此时我们可以通过regs查看全部的寄存器状态：

```
(dlv) regs
       rax = 0x0000000001050180
       rbx = 0x0000000000000000
       rcx = 0x000000c420000300
       rdx = 0x0000000001070bc0
       rdi = 0x000000c42007c020
       rsi = 0x0000000000000001
       rbp = 0x00007fffffe00000
       rsp = 0x000000c420049f80
        r8 = 0x7fffffffffffffff
        r9 = 0xffffffffffffffff
       r10 = 0x0000000000000100
       r11 = 0x0000000000000286
       r12 = 0x000000c41fffff7c
       r13 = 0x0000000000000000
       r14 = 0x0000000000000178
       r15 = 0x0000000000000004
       rip = 0x000000000105018f
    rflags = 0x0000000000000202
...
(dlv)
```

因为AMD64的各种寄存器非常多，项目的信息中刻意省略了非通用的寄存器。

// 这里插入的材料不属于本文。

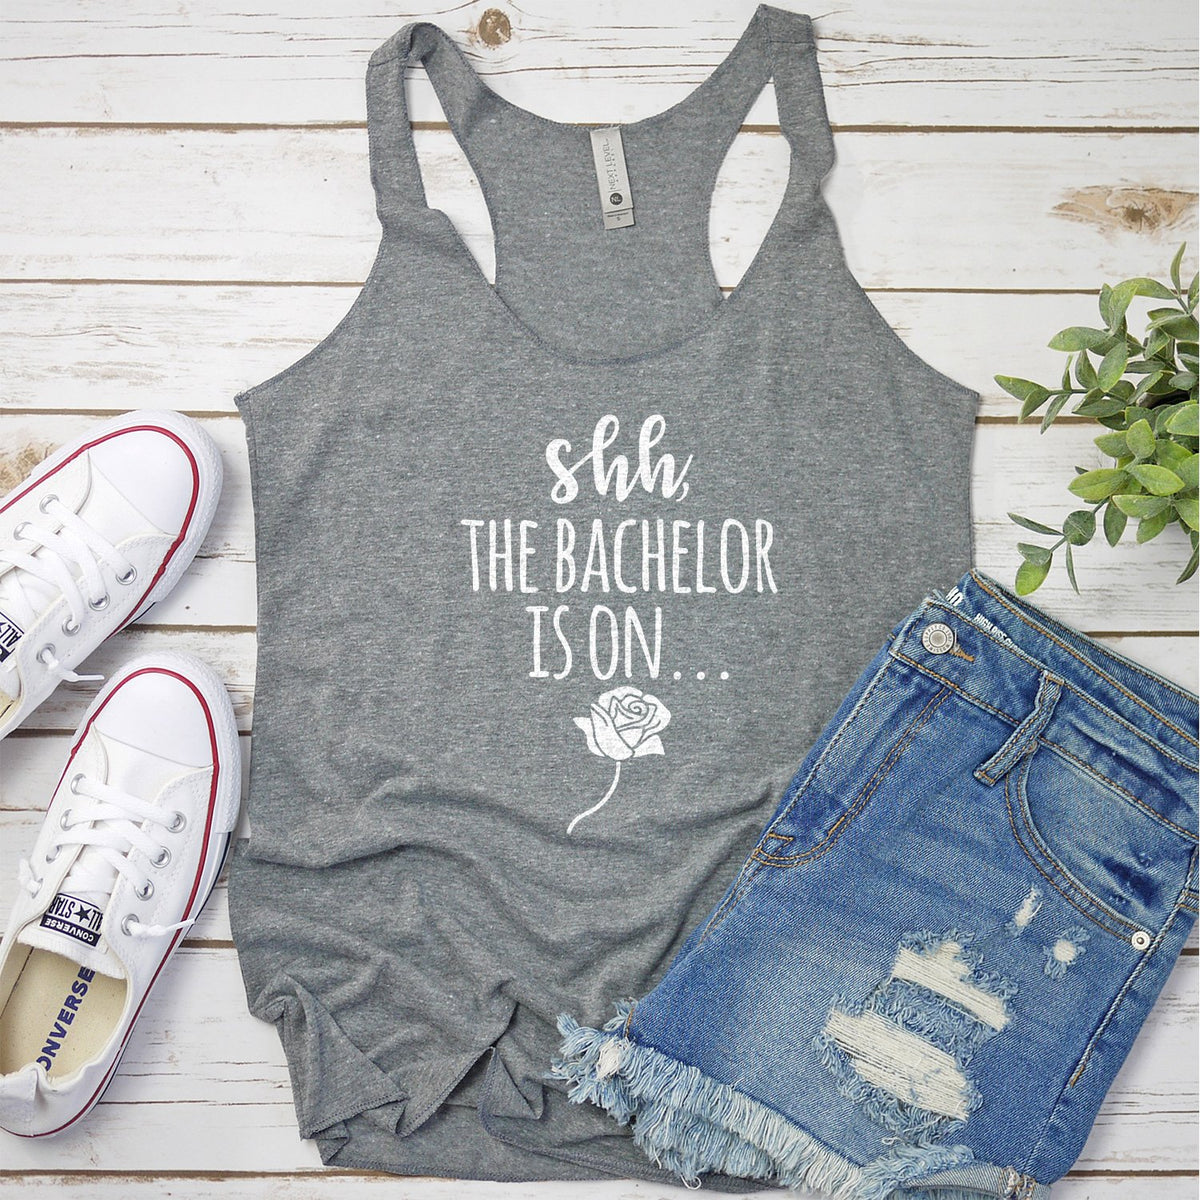 Shh The Bachelor is On - Tank Top Racerback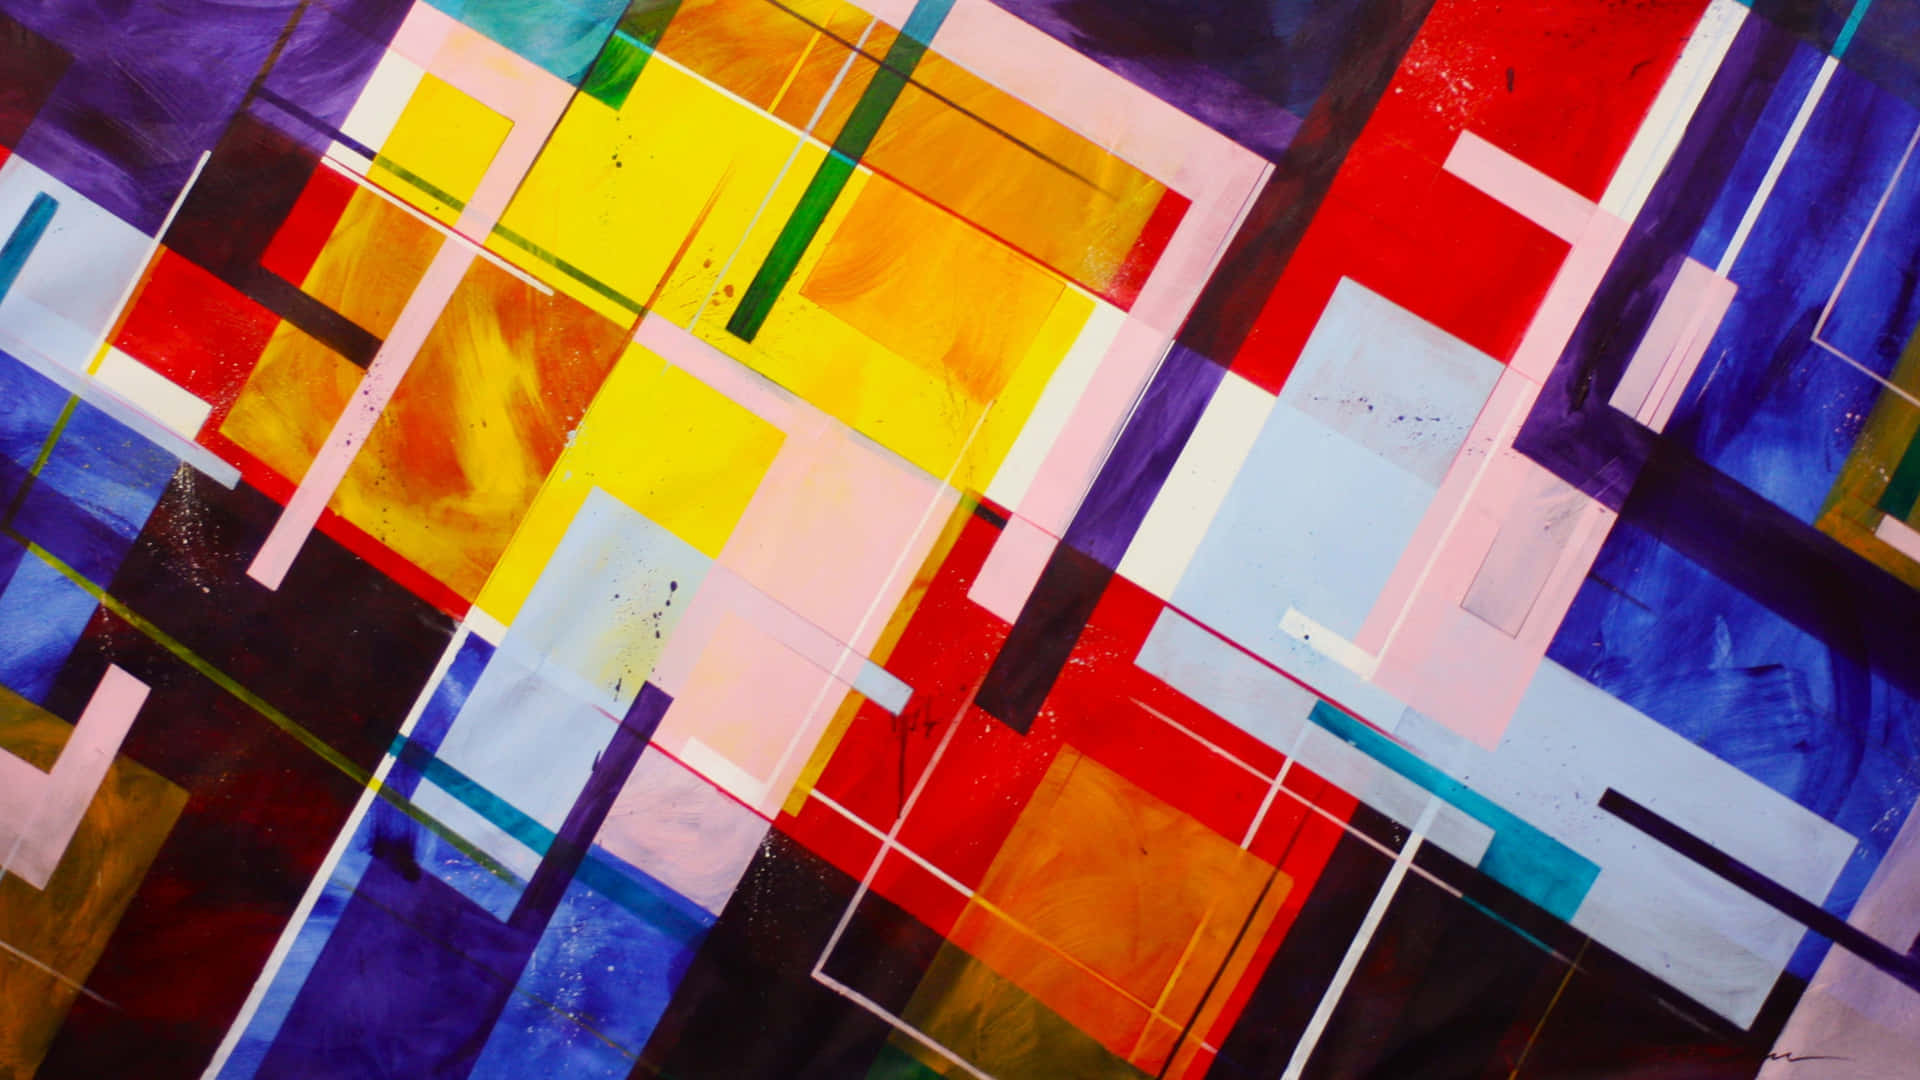 Squares And Lines In Colorful Abstract Art

如果再单步执行到13行时，可以发现AX寄存器值的变化。

```
(dlv) regs
       rax = 0x00000000010a4060
       rbx = 0x0000000000000000
       rcx = 0x000000c420000300
...
(dlv)
```

因此我们可以推断汇编程序内部定义的`text<>`数据的地址为0x00000000010a4060。我们可以用过print命令来查看该内存内的数据：

```
(dlv) print *(*[5]byte)(uintptr(0x00000000010a4060))
[5]uint8 [72,101,108,108,111]
(dlv)
```

我们可以发现输出的`[5]uint8 [72,101,108,108,111]`刚好是对应“Hello”字符串。通过类似的方法，我们可以通过查看SP对应的栈指针位置，然后查看栈中局部变量的值。

至此我们就掌握了Go汇编程序的简单调试技术。